It is also controversial whether it is justified to derive probability values from ignorance using the principle of indifference. It can be argued that the principle provides a reasonable path to dealing with the unknowns, but it can also be argued that it is also reasonable to assign ranges of possible values to probabilities of uncertain events (e.g. saying that the chance an event will happen in a certain way is between 0.4 and 0.6, not exactly 0.5) or to just not assign any values to such probabilities due to a lack of evidence on what the values of these probabilities can be.15
Such problems with the classical interpretation of probability led to the rise of two major interpretations of probability. One of these interpretations is the frequentist interpretation.
The frequentist interpretation of probability states that
\[ \text{Probability of desired outcome for an event} = \lim_{n\to\infty}{\frac{m}{n}} \]
where
For instance, assume if we flip a fair coin. By the frequentist interpretation of probability, the chance of ending up with a head is equal to the proportion of the coin flips that result in heads after flipping the coin an infinite number of times.
# R simulation of flipping a coin 1000 times
# Produces 1000 numbers from unif(0,1)
# -- i.e. randomly picks a real number from 0 to 1 with all numbers being equally likely to be picked
# A number less than 0.5 represents a coin toss that ends with tails
# A number equal to or greater than 0.5 represents a coin toss that ends with heads
runif1000 <- runif(n = 1000)
# n = number of tosses
# m = number of tosses that result in heads
coin_flip_data_frame = data.frame(n = 1:1000)
m = rep(-1, 1000)
prop_of_heads = rep(-1, 1000)
for (i in 1:1000){
m[i] = sum(runif1000[1:i] >= 0.5)
prop_of_heads[i] = m[i]/i
}
coin_flip_data_frame$m = m
# Showing only the results for the first 10 tosses
head(coin_flip_data_frame, 10)
## n m
## 1 1 1
## 2 2 1
## 3 3 2
## 4 4 2
## 5 5 3
## 6 6 3
## 7 7 3
## 8 8 4
## 9 9 5
## 10 10 5
# Showing graph of proportion of tosses that end with heads as more and more tosses are made
plot(data.frame(1:1000, prop_of_heads),
main="Proportion of Fair Coin Tosses that End Up Heads Over Many Tosses",
xlab="Number of Tosses", ylab="Proportion of Tosses that End Up Heads")
Notice how the proportion of tosses that end up heads converges to around 0.5 as the number of tosses increases.
As \(\lim_{n\to\infty}{\frac{m}{n}} = 0.5\) (where \(n\) = the number of tosses and \(m\) = the number of tosses that result in heads), the probability of getting head from a fair coin toss is 0.5 under the frequentist interpretation of probability.
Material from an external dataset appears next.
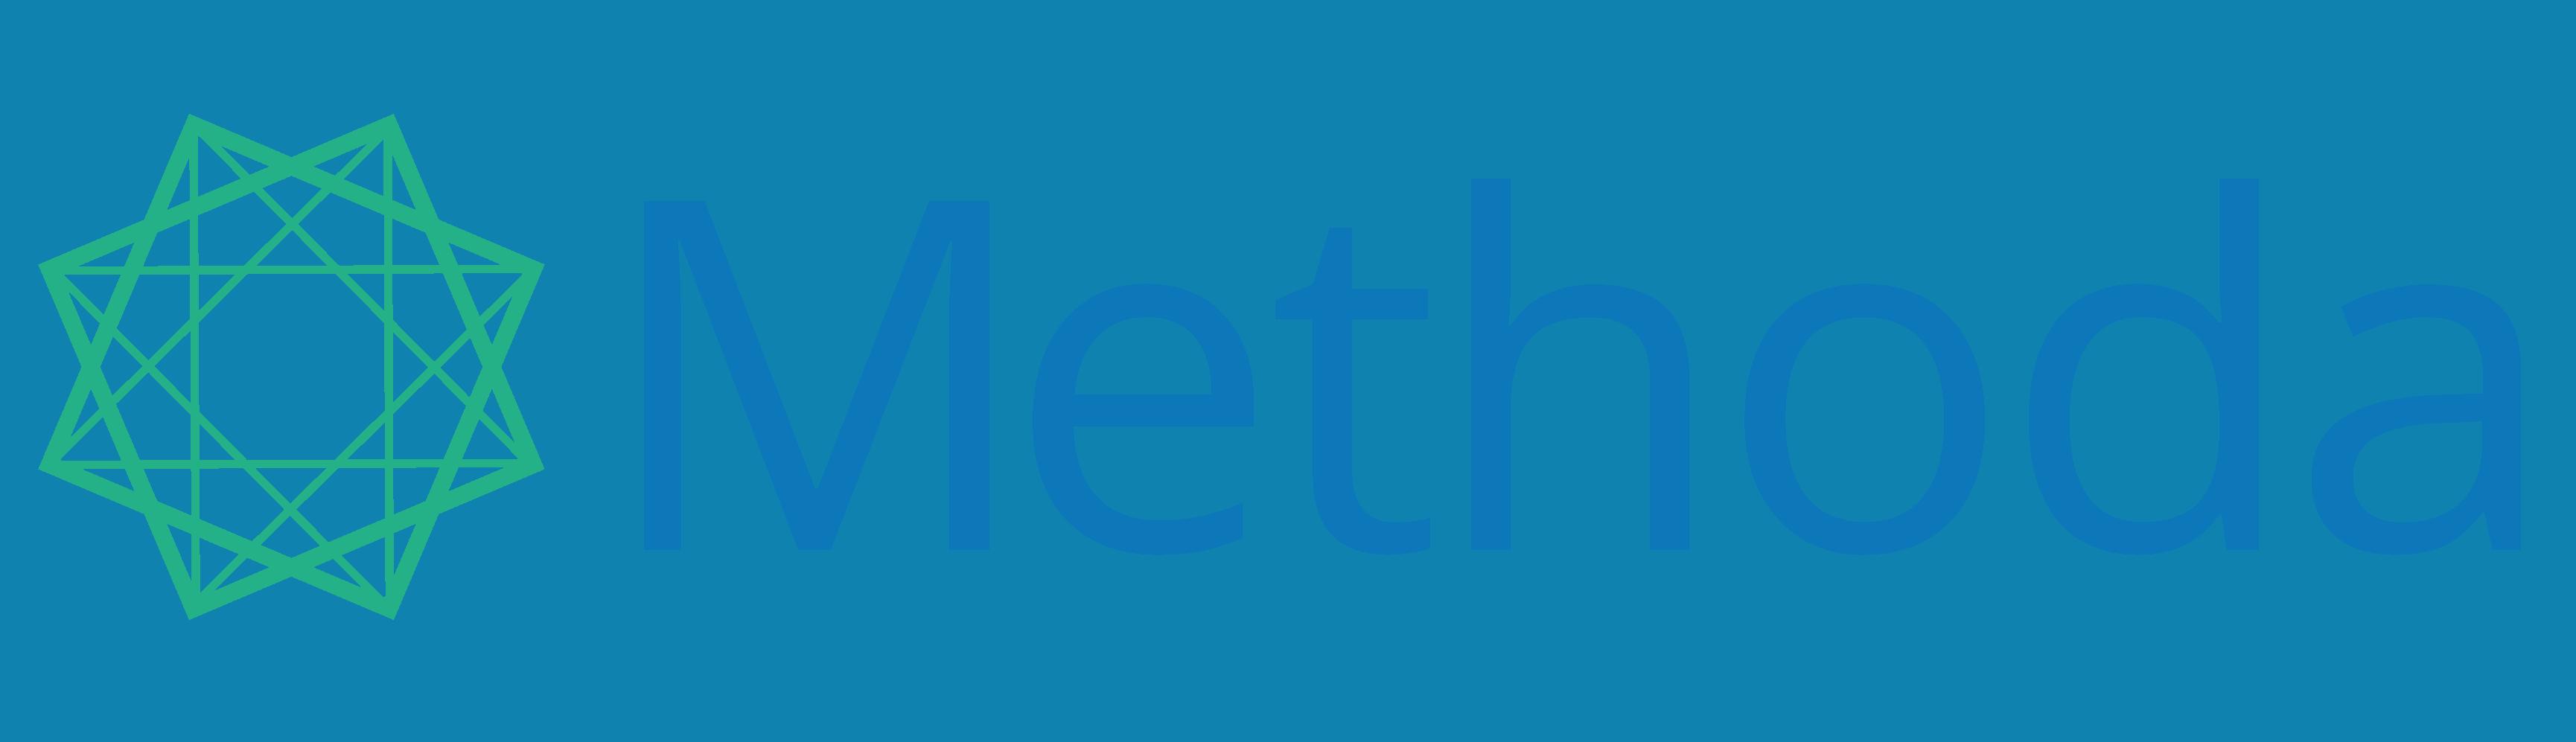 Methoda new logo

The frequentist interpretation does not require the use of the principle of indifference since the probability of the desired outcome for an event is only obtained through an empirical simulation of that event under this interpretation rather than by dividing the event into individual possible outcomes.
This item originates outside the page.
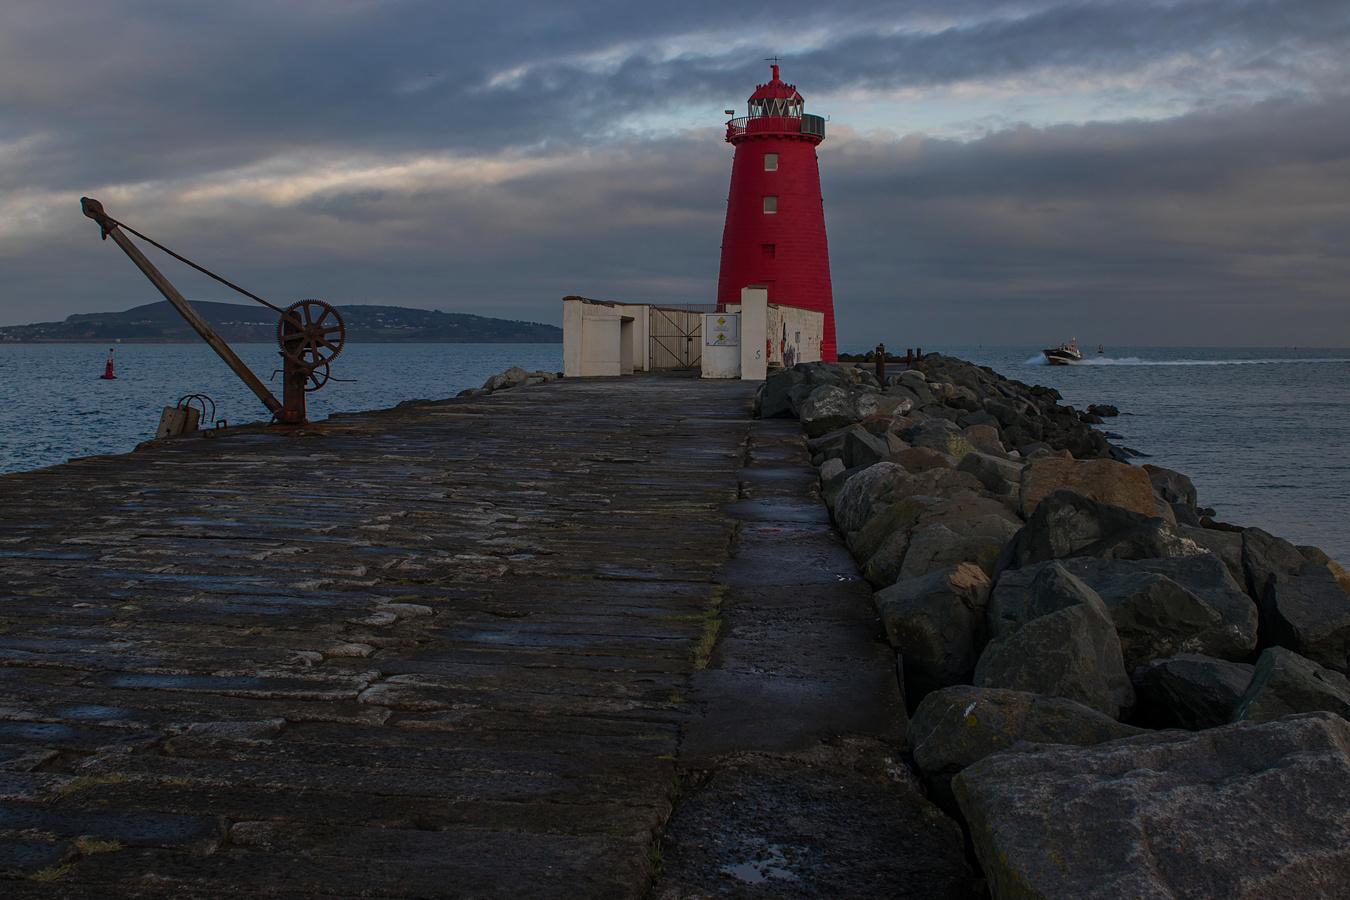 Poolbeg Lighthouse - Dublin

Since the frequentist interpretation adds a sense of empiricism to the idea of probability, many of the scientific methods used in social science research today are based on this interpretation of probability.17
Most notably, using a large simple random sample to make statistical inferences about a population is based on the frequentist interpretation of probability. So is any type of probability sampling. Probability sampling works in estimating population variables without having to consult the entirety of the population itself since a repeated collection of large samples from a population through a proper random sampling technique shows that it is very likely to get a sample with a sample variable that is close to the corresponding population variable.18
The frequentist interpretation of probability is what lends to statistical basis to positivist methodologies of social sciences, which involve the use of quantitative methods such as experiments and surveying to study human society.19 Positivist methodologies use random sampling - a methodology based on frequentist interpretation of probability - to make statistical inferences about a targeted population.20
The frequentist interpretation is not perfect, though, both in a statistical and a social science context.
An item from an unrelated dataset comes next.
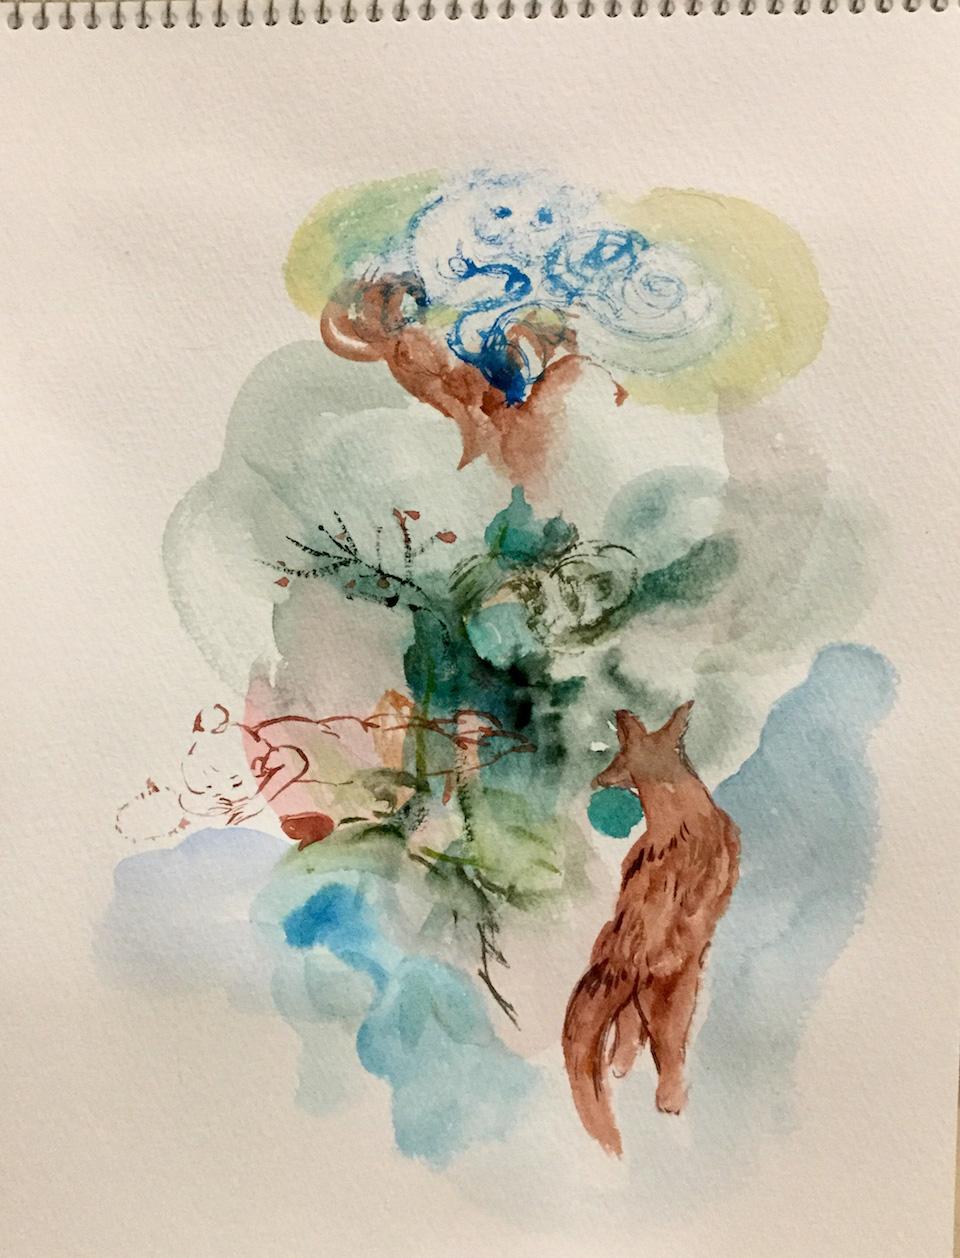 (写真について)《一枚さん》2019 紙にインク、水彩絵の具、パステル、色鉛筆等 Courtesy of the artist and MEM

From a statistical context, while the frequentist interpretation resolves the issue of using ignorance to derive probability values by imposing an empirical definition on probability, the frequentist interpretation does not provide a satisfactory resolution to Bertrand’s Paradox or similar probabilistic paradoxes.
If one is asked to find the probability of a randomly generated chord of a unit circle having a length greater than \(\sqrt{3}\) as in Bertrand’s Paradox under the frequentist interpretation, the probability value can vary depending on how a chord is generated in each iteration.
Randomly generating a chord by randomly selecting the direction of the chord and the distance of the chord from the center would lead to the relative frequency of the desired outcome converging to \(\frac{1}{2}\) as the number of iterations increases.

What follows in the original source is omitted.